I am using ES 5.5.1. I have data which includes a path attribute. That attribute has values like foo/bar/file.txt. I want to find files by folder. For example, I'd like to search for foo/bar/ and find foo/bar/file.txt (as well as foo/bar/file2.txt, but not files in sub-folders like foo/bar/baz/file.txt). I would also like to aggregate and sort by folder. I think the most efficient way to do this is to have a keyword sub-field that is indexed with the folder path. However, I'm having trouble searching on such a value.
Consider the following index create command.
PUT path_index
{
"settings": {
"index": {
"analysis": {
"char_filter": {
"folder_filter": {
"pattern": "(.*/)[^/]+",
"type": "pattern_replace",
"replacement": "$1"
}
},
"analyzer": {
"folder": {
"tokenizer": "keyword",
"char_filter": [
"folder_filter"
]
}
},
"normalizer": {
"folder": {
"char_filter": [
"folder_filter"
]
}
}
}
}
},
"mappings": {
"pathType": {
"properties": {
"path": {
"type": "keyword",
"fields": {
"folder": {
"type": "text",
"analyzer": "folder",
"fielddata": true
},
"folderKeyword": {
"type": "keyword",
"normalizer": "folder"
}
}
}
}
}
}
}
The above creates a "folder" text sub-field which keeps a folder value. (foo/bar/ for foo/bar/file.txt).
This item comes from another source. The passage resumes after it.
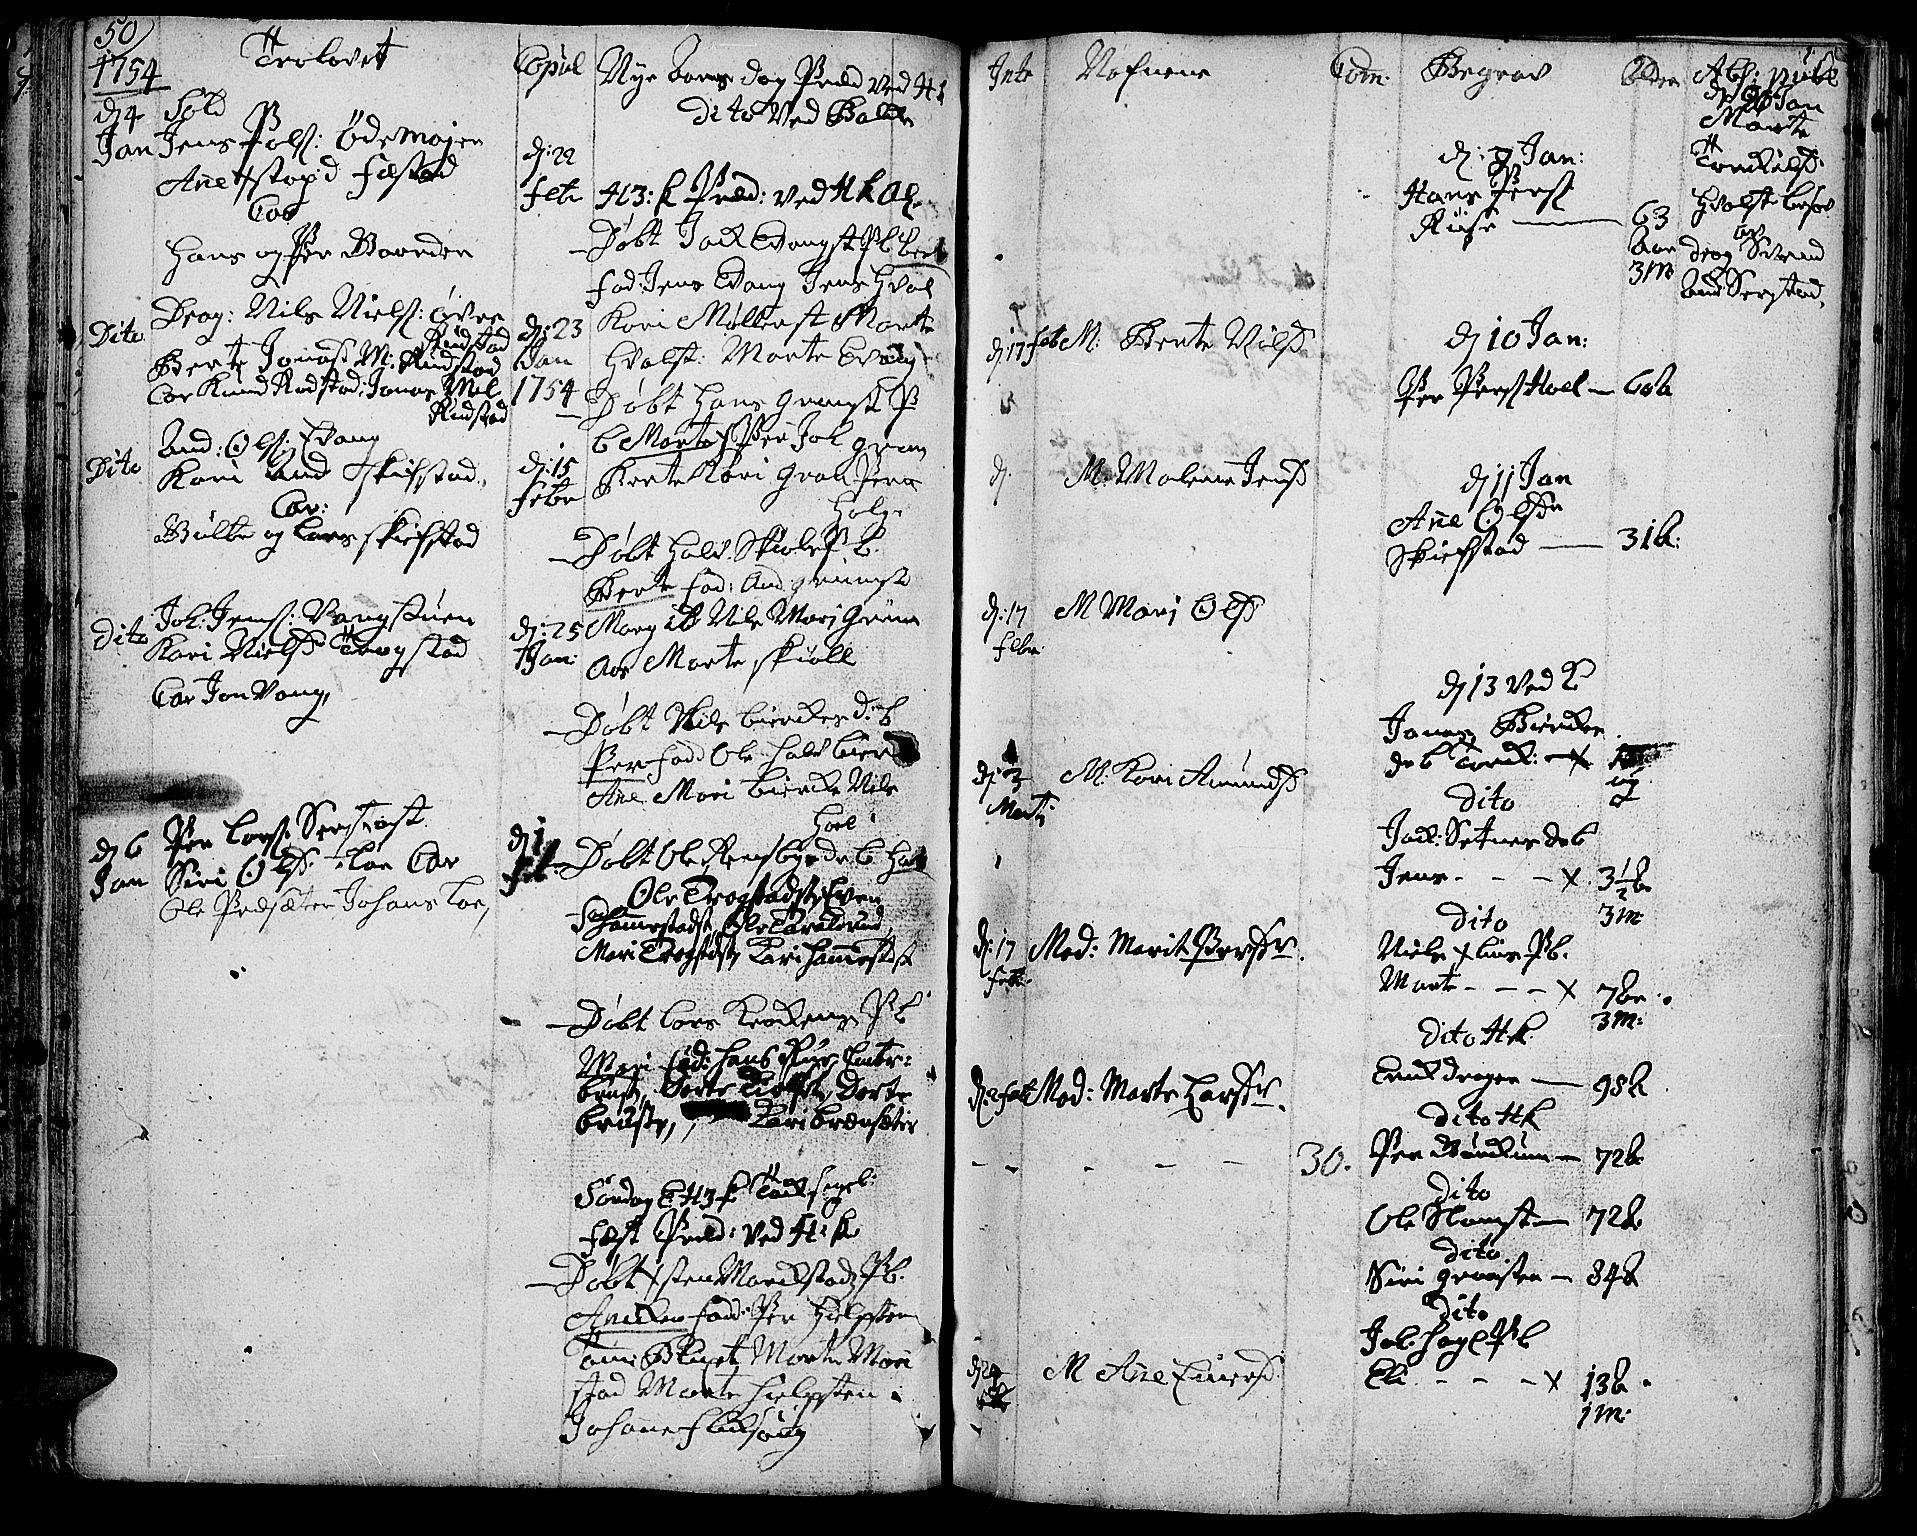 SAH, Toten prestekontor, Ministerialbok nr. 4, 1751-1761, s. 50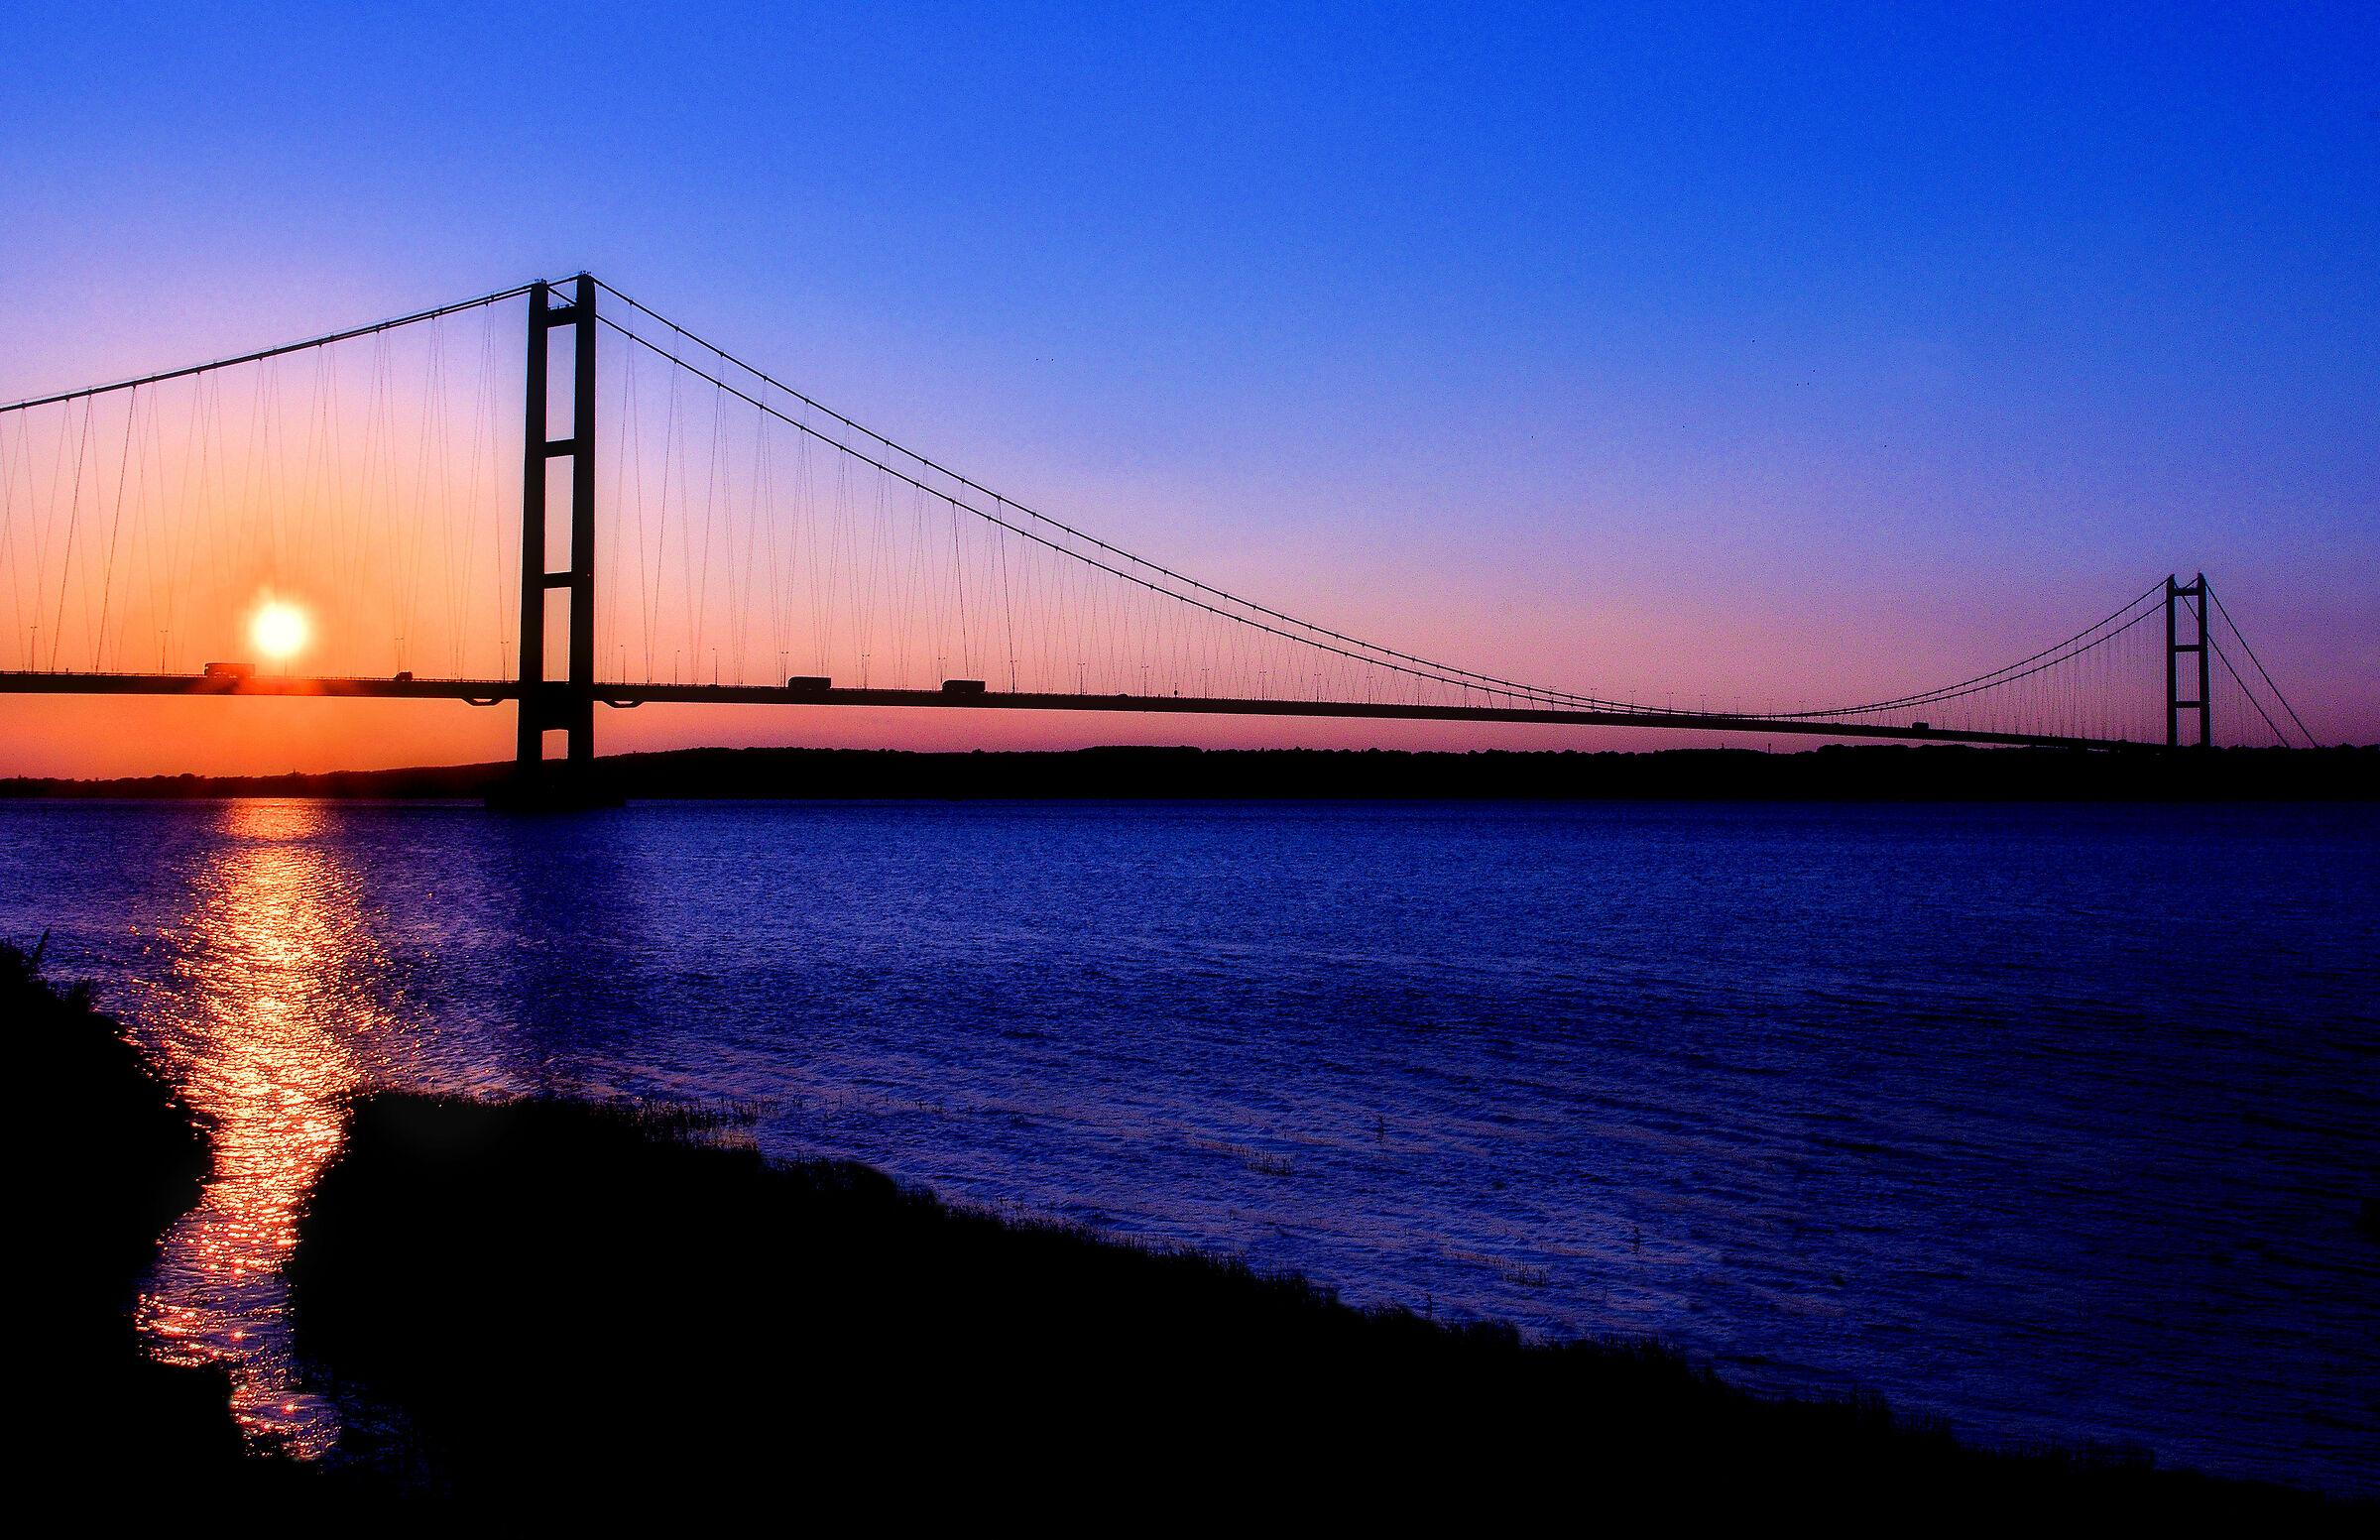 Sunset at Humber Bridge...

That does what I want and searches work correctly. I also have a sub-field "folderKeyword" which does the same thing but with a keyword. "folderKeyword" does not work as I expect.
I add one document to my index
PUT path_index/pathType/0
{
"path": "foo/bar/file.txt"
}
Then this search finds that document.
POST path_index/_search
{
"query": {
"term": {"path.folder": "foo/bar/"}
}
}
But this search fails to find the document.
POST path_index/_search
{
"query": {
"term": {"path.folderKeyword": "foo/bar/"}
}
}
I don't see the difference. Why does "folderKeyword" fail?
Additional info: A prefix search of "path.folder": "foo/bar/" works but "path.folderKeyword": "foo/bar/" fails. However a prefix search without the slash "path.folderKeyword": "foo/bar" succeeds. A term search without the trailing slash "path.folderKeyword": "foo/bar" fails. A sort on "path.folder" and on "path.folderKeyword" both show the same sort value: "foo/bar/".